A power battery assembly, electric vehicle and design integrated with the overall floor of the body method

technical field

The invention belongs to the technical field of automobiles, and in particular relates to a power battery assembly integrated with an overall floor of a vehicle body, an electric vehicle and a design method.

Background technique

As a key core component of new energy vehicles, power batteries have very important structural integration performance. The current mainstream battery assembly solutions are standard modules or CTP configuration battery assemblies. These two solutions are relatively complex in structure and have two major problems: 1. Subject to the height restriction of Z-direction layout, the integration is low; 2. With The vehicle assembly performance is poor and the space utilization rate is low.

The prior art discloses a power battery pack and an electric vehicle. The power battery pack includes a tray and a plurality of single cells arranged on the tray, the single cells are arranged along a first direction, and the single cells extend along a second direction; the tray includes The first side and the second side extending along the first direction, the first side and the second side are arranged opposite to each other in the second direction, and also include a single battery limiter disposed on the tray, and the single battery limiter includes A first limiter disposed adjacent to the first side and a second limiter disposed adjacent to the second side, the first limiter and the second limiter restrict the single cell in the thickness and length directions of the single cell. limit. The electric vehicle includes the above-mentioned power battery pack. The invention limits the position of the single battery in the first direction and the second direction by the single battery limiter, and can limit the position of a plurality of single cells at the same time, which effectively improves the efficiency of assembling the power battery pack and reduces the assembly time. cost.

The prior art discloses a battery pack, which includes more than two battery modules; the battery modules each include a frame and a plurality of battery cells accommodated in the frame; a sleeve is fixedly arranged between adjacent frames the barrel; the sleeve has a channel for passing the fixing piece; the fixing piece is used for fixing the battery pack to the whole vehicle. The battery pack provided by the present application includes more than two battery modules, which not only realizes the lightweight of the battery pack, but also improves the connection strength of the battery pack in the whole vehicle.

The prior art also discloses a power battery system for a vehicle.

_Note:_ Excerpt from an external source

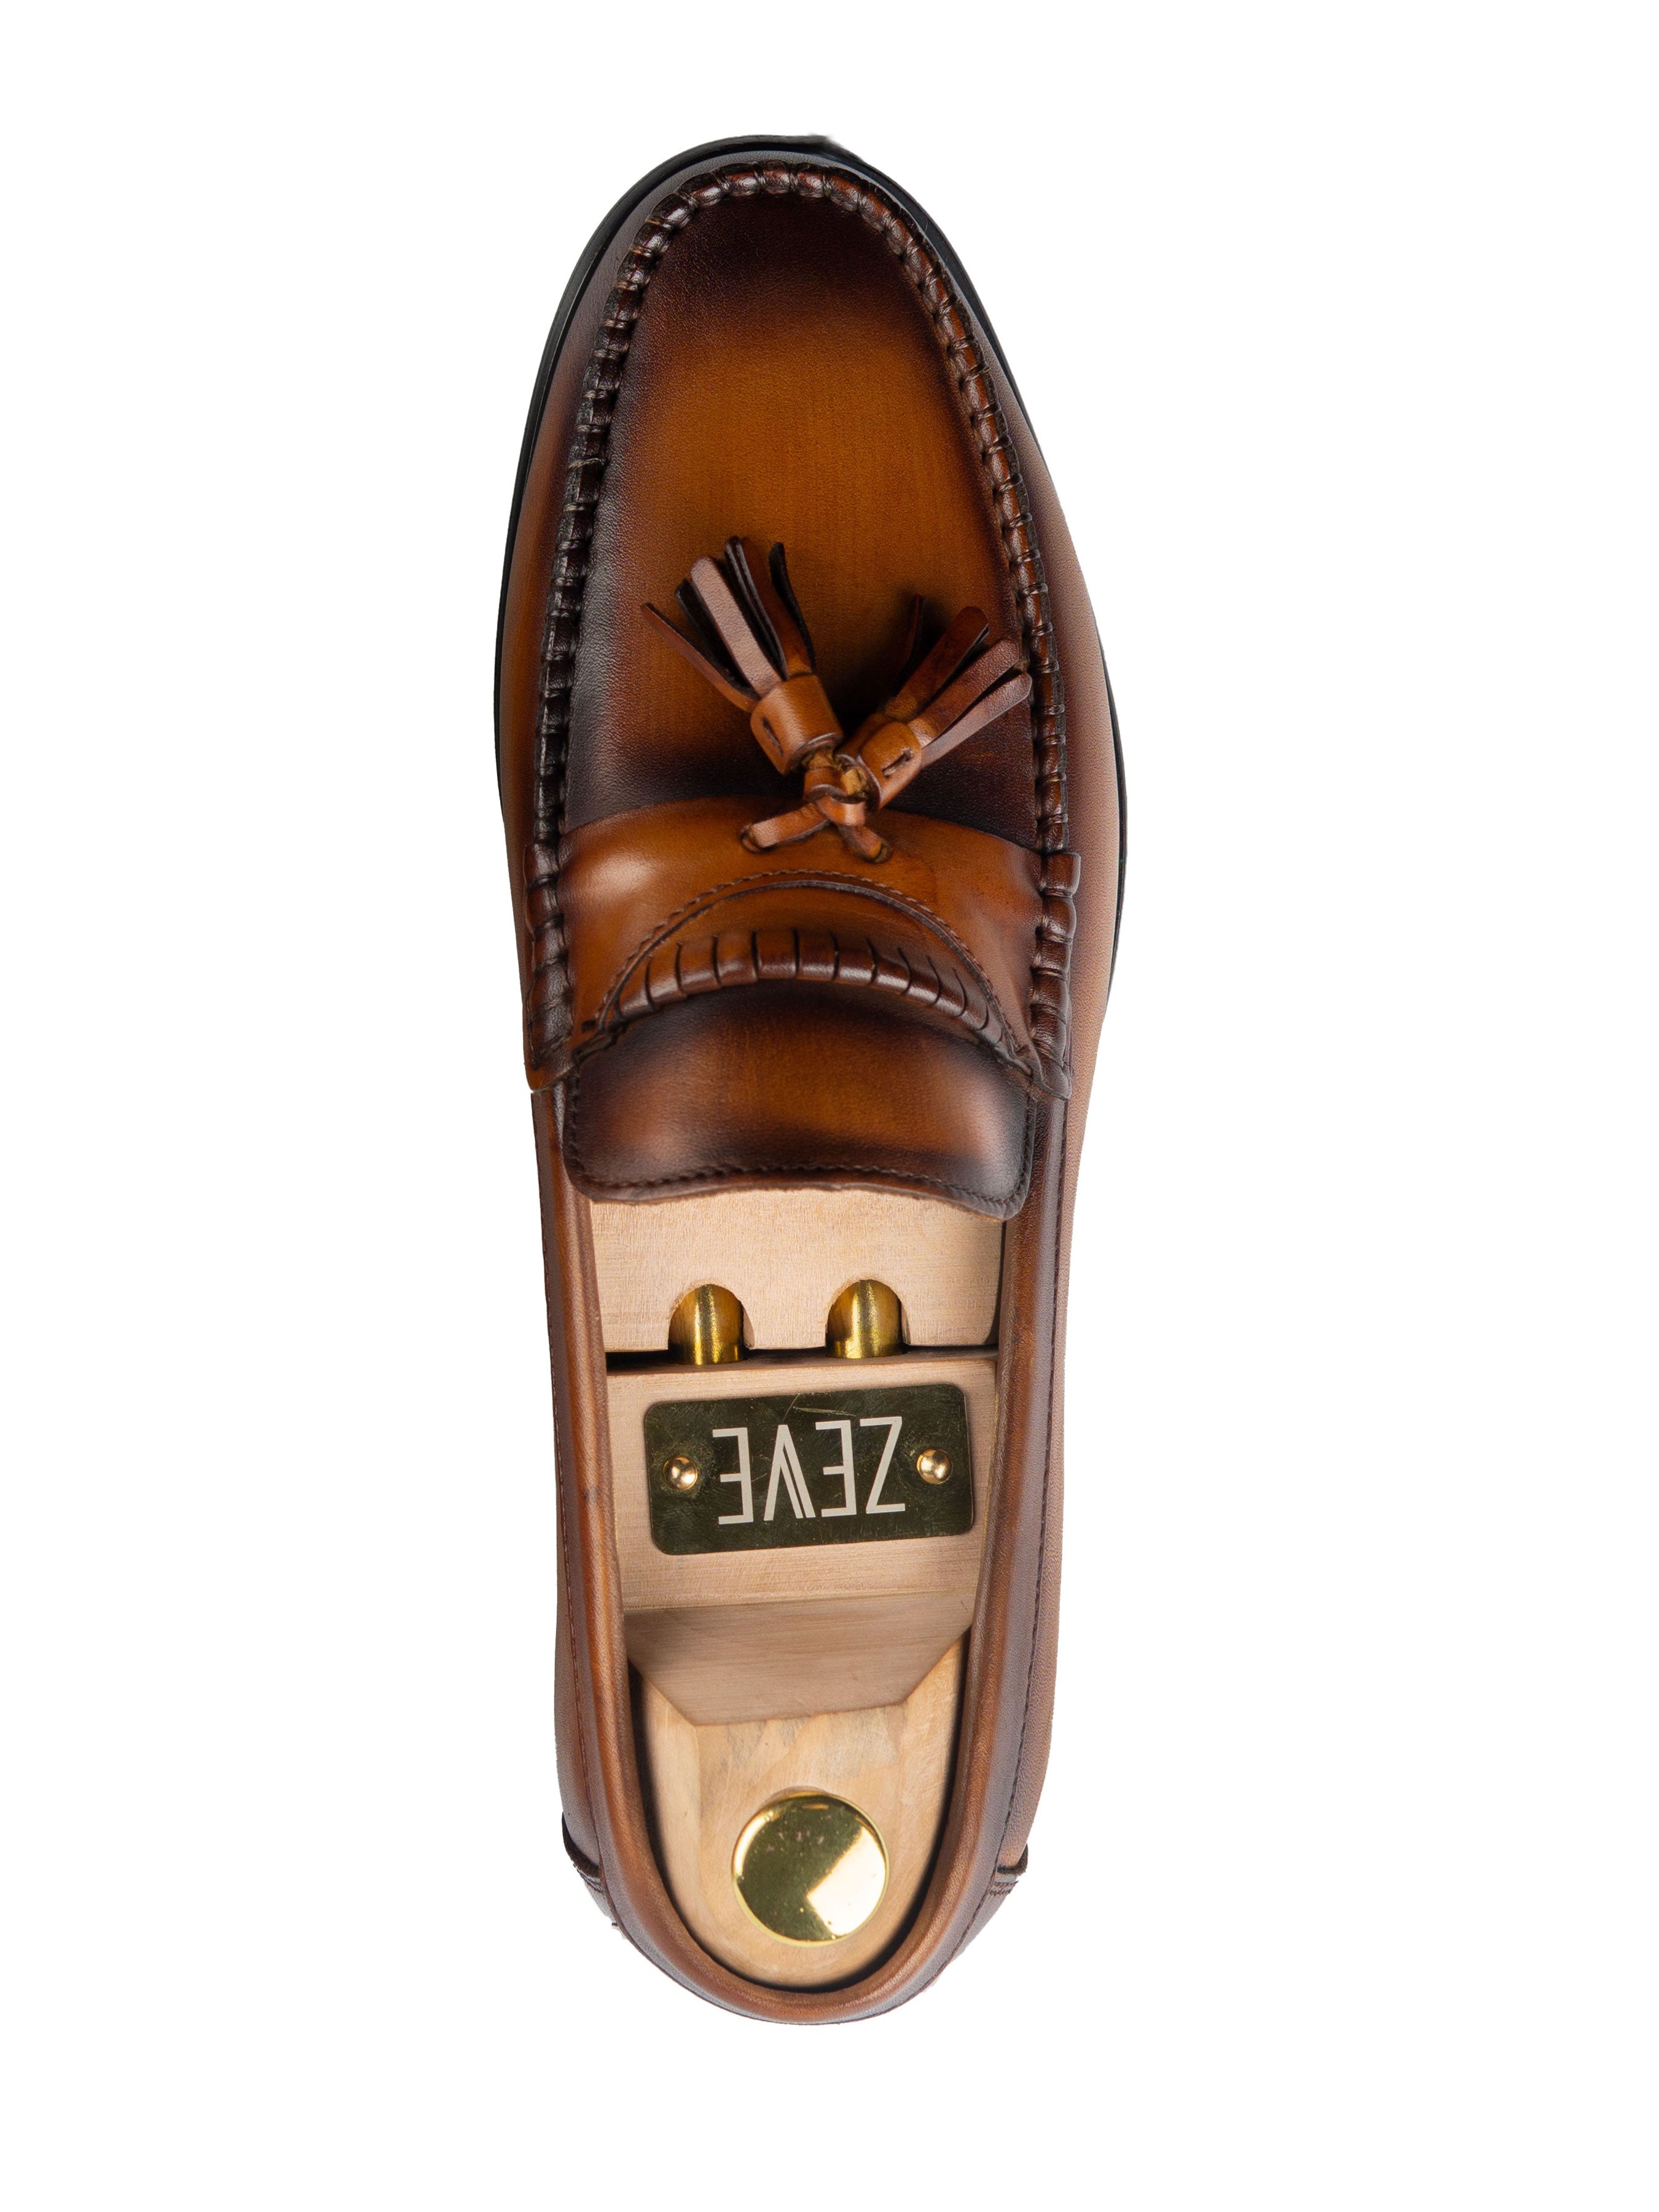 Tassel Moccasin Loafer - Cognac Tan (Hand Painted Patina) - Zeve Shoes

The box body includes: a heat exchange plate; The accommodating space of the battery, the heat exchange plate is used to support the battery and exchange heat with the battery, and the lower frame is a hollow structure with a hollow cavity; the protective plate is located under the heat exchange plate, and protects the heat exchange plate from below; The sealing riveting element fixes the protective plate, the heat exchange plate and the lower frame together, the self-sealing riveting element passes through the protective plate and the heat exchange plate in the up-down direction, and the self-sealing riveting element is inserted into the lower frame and at least partially exposed to the lower frame. In the frame body, the self-sealing riveting element seals at the first position passing through the protective plate, and the self-sealing riveting element seals at the second position inserted into the lower frame body. The self-sealing riveting element can directly seal at the first position passing through the protective plate and the second position inserted into the lower frame, which solves the sealing problem at the conventional fastener, simplifies the assembly process and reduces the cost.

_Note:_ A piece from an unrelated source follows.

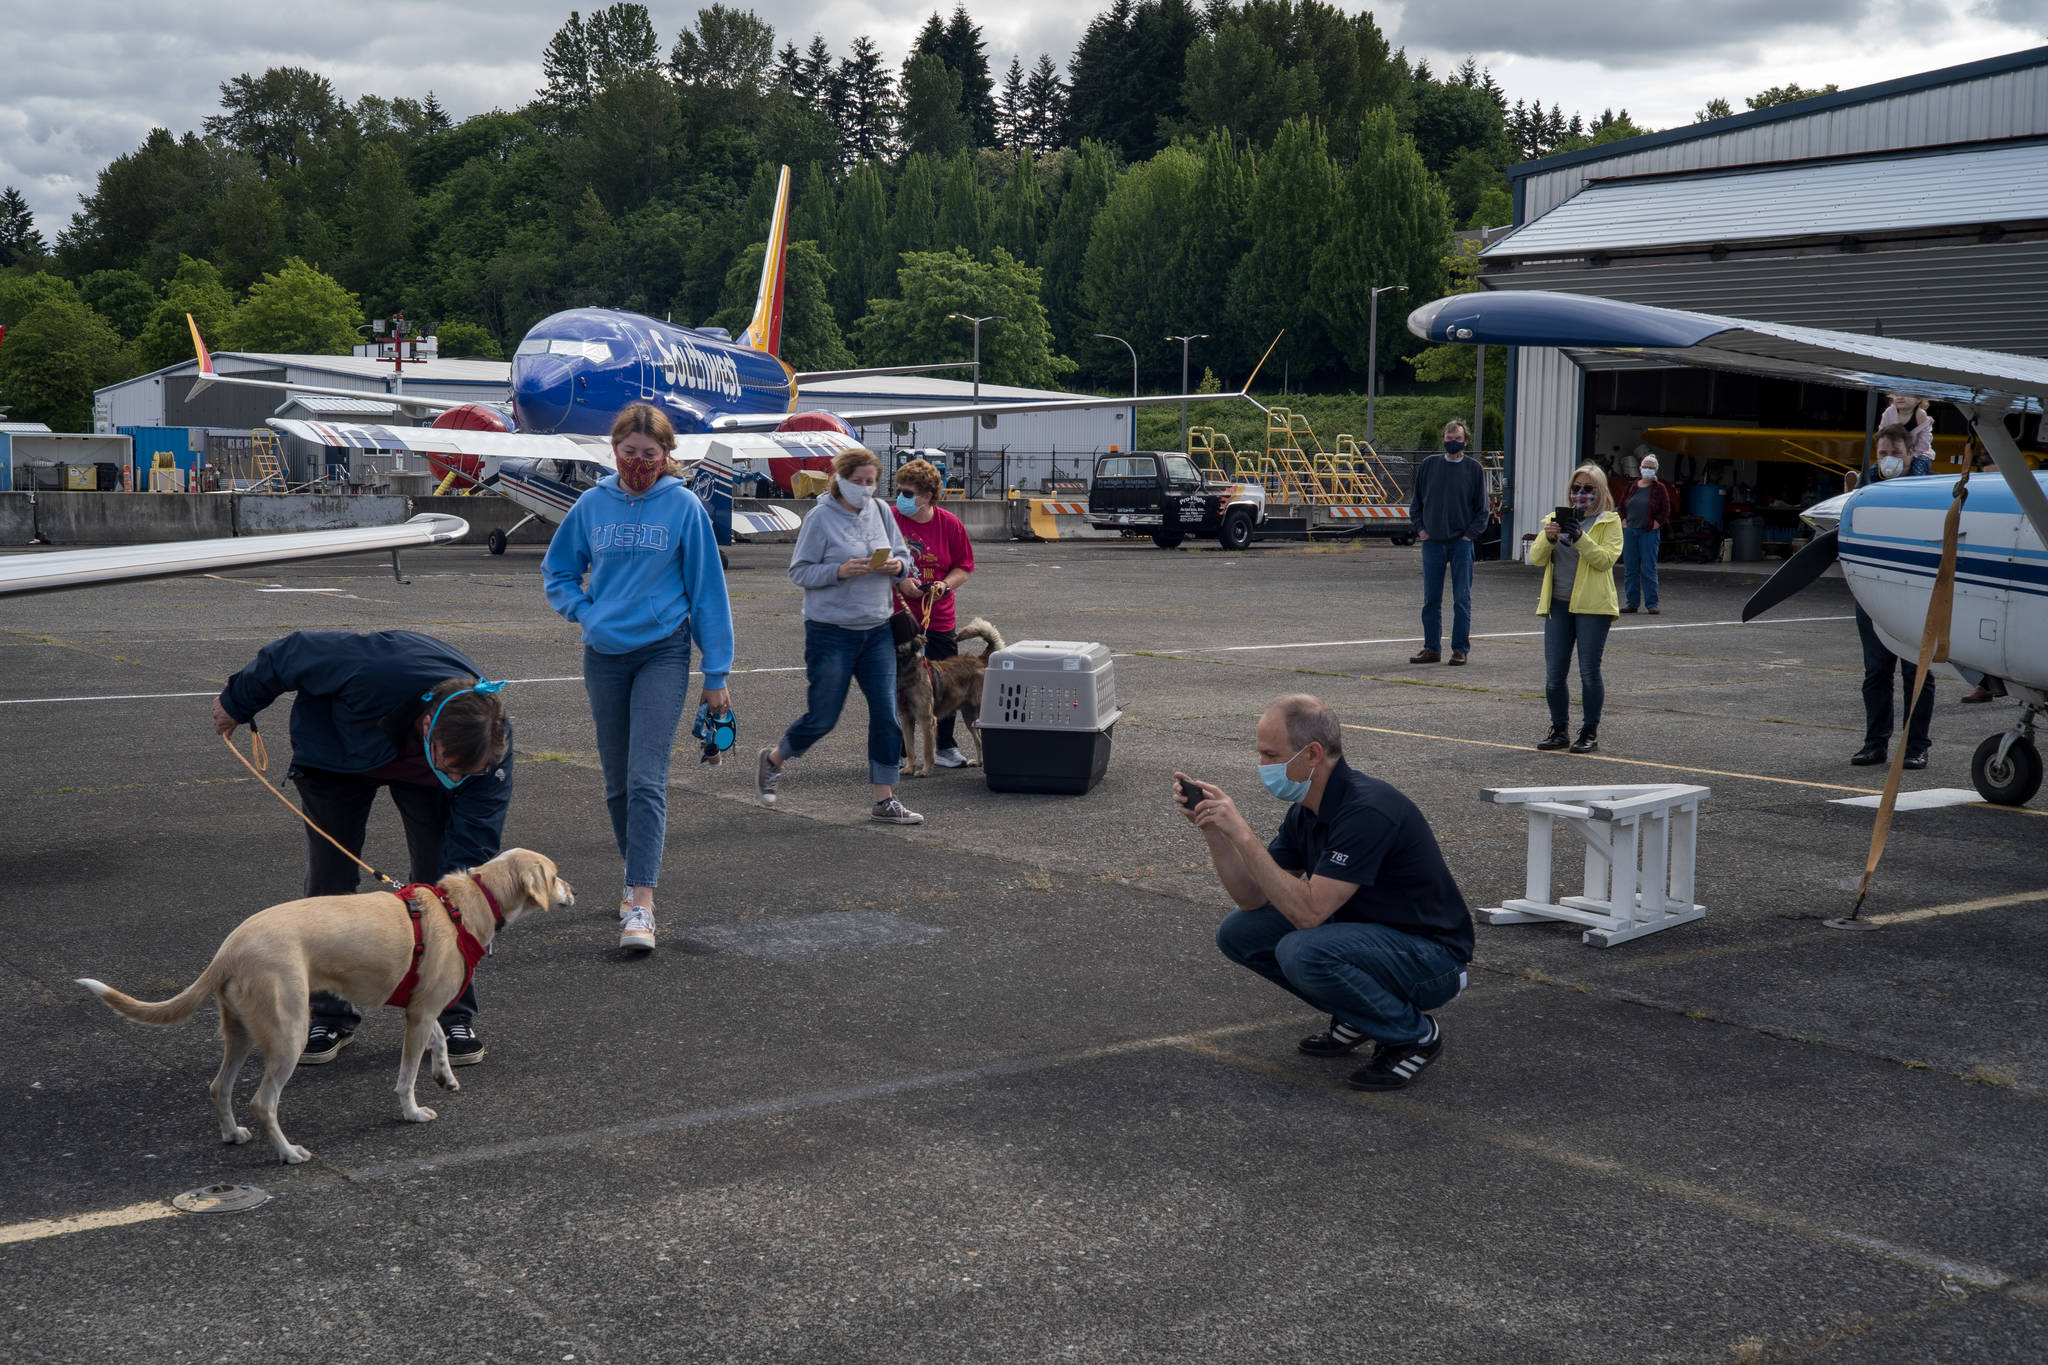 Niaya with her new family meet for the first time at Renton Municipal Airport. The labrador-beagle mix travelled thousands of miles to meet her new family in the midst of the coronavirus pandemic. Photo by Andre Osorio/For the Renton Reporter

However, the above-mentioned application and the content of the invention of this application are obviously different in the technical problems and technical solutions to be solved. The battery solution in terms of sealing and preventing thermal diffusion is not available in the above-mentioned application. Conventional means, easily determined by a limited number of experiments.

SUMMARY OF THE INVENTION

In order to overcome the industry technical problems of low volume and space utilization, low integration and complex structure of electric vehicles in the prior art, the present invention provides a power battery assembly integrated with the overall floor of the vehicle body, an electric vehicle and a design method, The battery assembly is connected to the body through the vacant structure on the body floor. The body cancels the front floor, middle floor and rear floor to achieve high integration and high sealing with the upper box of the battery assembly and improve the space utilization of the vehicle; it can be realized The high integration of electric vehicles and the reliable fixing of battery modules into groups improve the integration performance, process performance, safety performance and service life of electric vehicles.

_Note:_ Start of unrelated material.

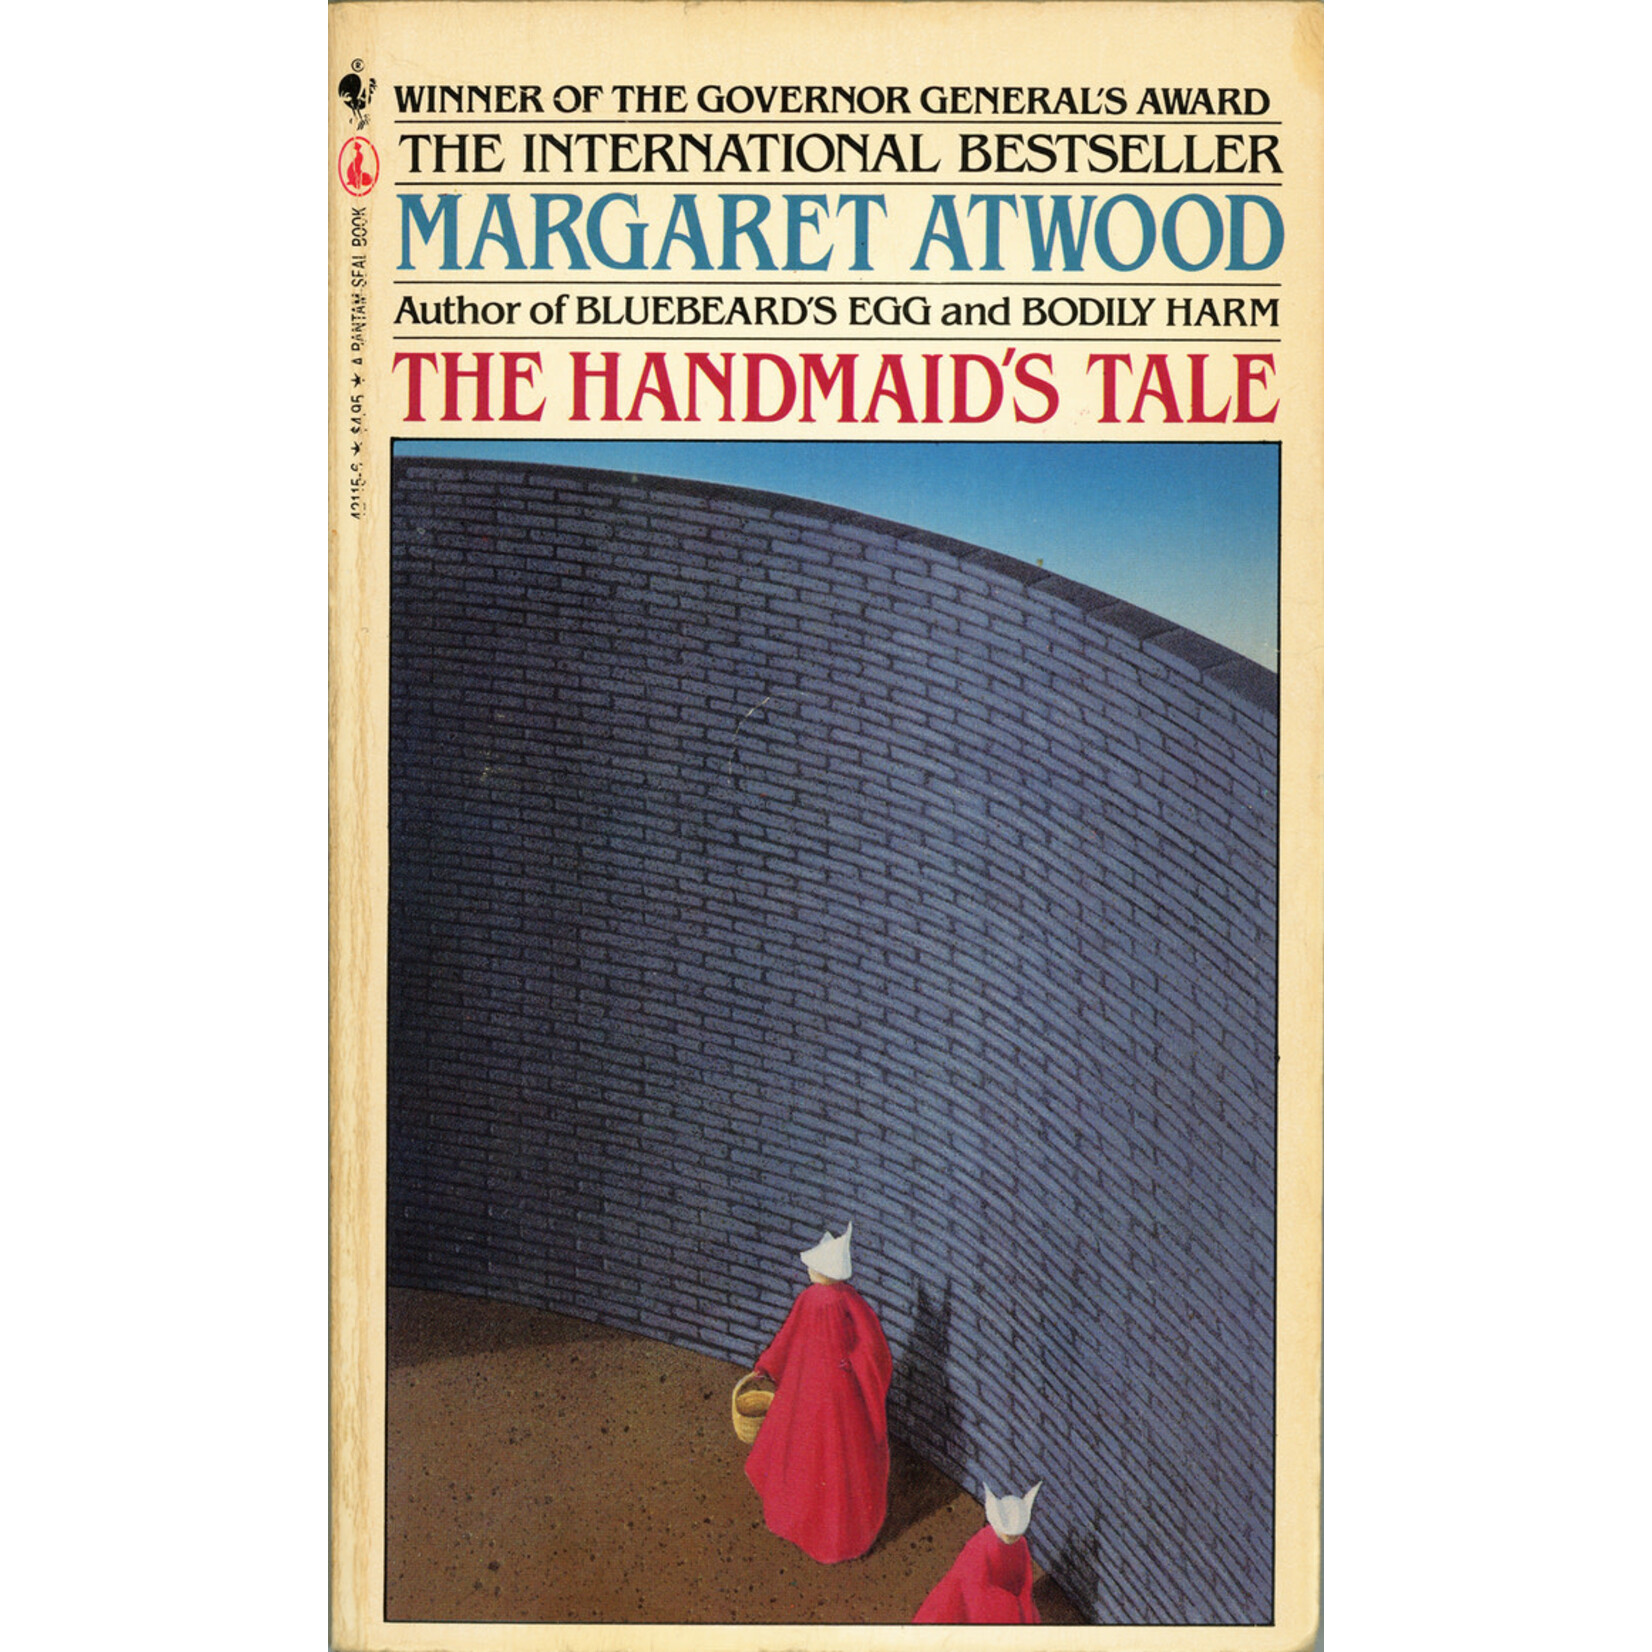 Atwood, Margaret Atwood, Margaret (FI) The Handmaid's Tale (PB)

The present invention is achieved through the following technical solutions:

In a first aspect, the present invention provides a power battery assembly integrated with the overall floor of a vehicle body, including:

The body structure 1 includes a body frame 101 , a front seat beam 102 , a rear seat beam 103 and a body floor 104 ; a body floor 104 is provided at the bottom of the body frame 101 , and a front seat beam 102 is integrated on the body floor 104 and rear seat beam 103;

The battery assembly 2 is fixed in the vacant structure provided on the body floor 104, and is integrated with the bottom of the body structure 1;

The vehicle front suspension 3 is fixed on the bottom of the body structure 1 and is located on the front side of the battery assembly 2;

The rear suspension 4 of the vehicle is fixed to the bottom of the body structure 1 and is located on the rear side of the battery assembly 2 .

Further, the battery assembly 2 includes:

The lower box floor 201, the lower box floor 201 is integrated with the battery liquid cold plate to realize the functions of bearing, fixing and thermal management of the battery module 203;

a sealing structure 202, the sealing structure 202 is arranged around the upper surface of the lower box floor 201;

The battery module 203, the battery module 203 is arranged in the frame enclosed by the lower box floor 201 and the sealing structure 202;

an anti-collision structure 204, the anti-collision structure 204 is arranged outside the sealing structure 202;

The upper box 205 is connected to the floor 201 of the lower box.

Further, the battery modules 203 are arranged in groups by a plurality of battery cells, and form a side-by-side structure by means of bonding or the like.

Further, four doors and two covers are integrated on the body frame 101 .

Further, the middle part of the vehicle body floor 104 is a hollowed out structure, and the hollow structure is used for fixing the battery assembly 2 .

Further, the vehicle body floor 104 is made of metal materials with high strength and high temperature resistance, including but not limited to metal materials such as iron alloys, aluminum alloys, and titanium alloys.

Further, the front seat beam 102 and the rear seat beam 103 are both fixed on the upper surface of the void structure of the vehicle body floor 104 ; the front seat beam 102 and the rear seat beam 103 are arranged in parallel.

Further, the front seat beam 102 is connected to the upper box 205 of the battery assembly 2 through bolts, which can improve the overall battery mode; the rear seat beam 103 is connected to the upper box 205 of the battery assembly 2 through bolts connected to improve the overall battery modality.

In a second aspect, the present invention provides an electric vehicle, including the power battery assembly described in the present invention integrated with the overall floor of the vehicle body.

In a third aspect, the present invention also provides a power battery assembly design method integrated with the overall floor of the vehicle body, comprising the following steps:

Step A: Determine the limit size of the lower box of the battery assembly according to the total energy CH required by the battery assembly and the limit installation GC of the body:

Step B: limit size area S=CH*CC*GC*exp(A)*0.895*exp(A)*exp(A)*sin(D), where CC is the structural coefficient related to the total energy of the battery; A is the weight Compensation parameter; D is the integrated compensation parameter;

Step C: Determine the limit size of the box under the battery according to S:

Define the length C=S/(GB*E)*2/4*sin(D), where GB is the process length limit dimension, E is the safety dimension factor; D is the integrated compensation parameter;

Define the width of the box under the battery H=S/A*0.92, where CC is the structural coefficient related to the total energy of the battery, and A is the weight compensation parameter;

All parameters require correction feedback based on CAE simulation results.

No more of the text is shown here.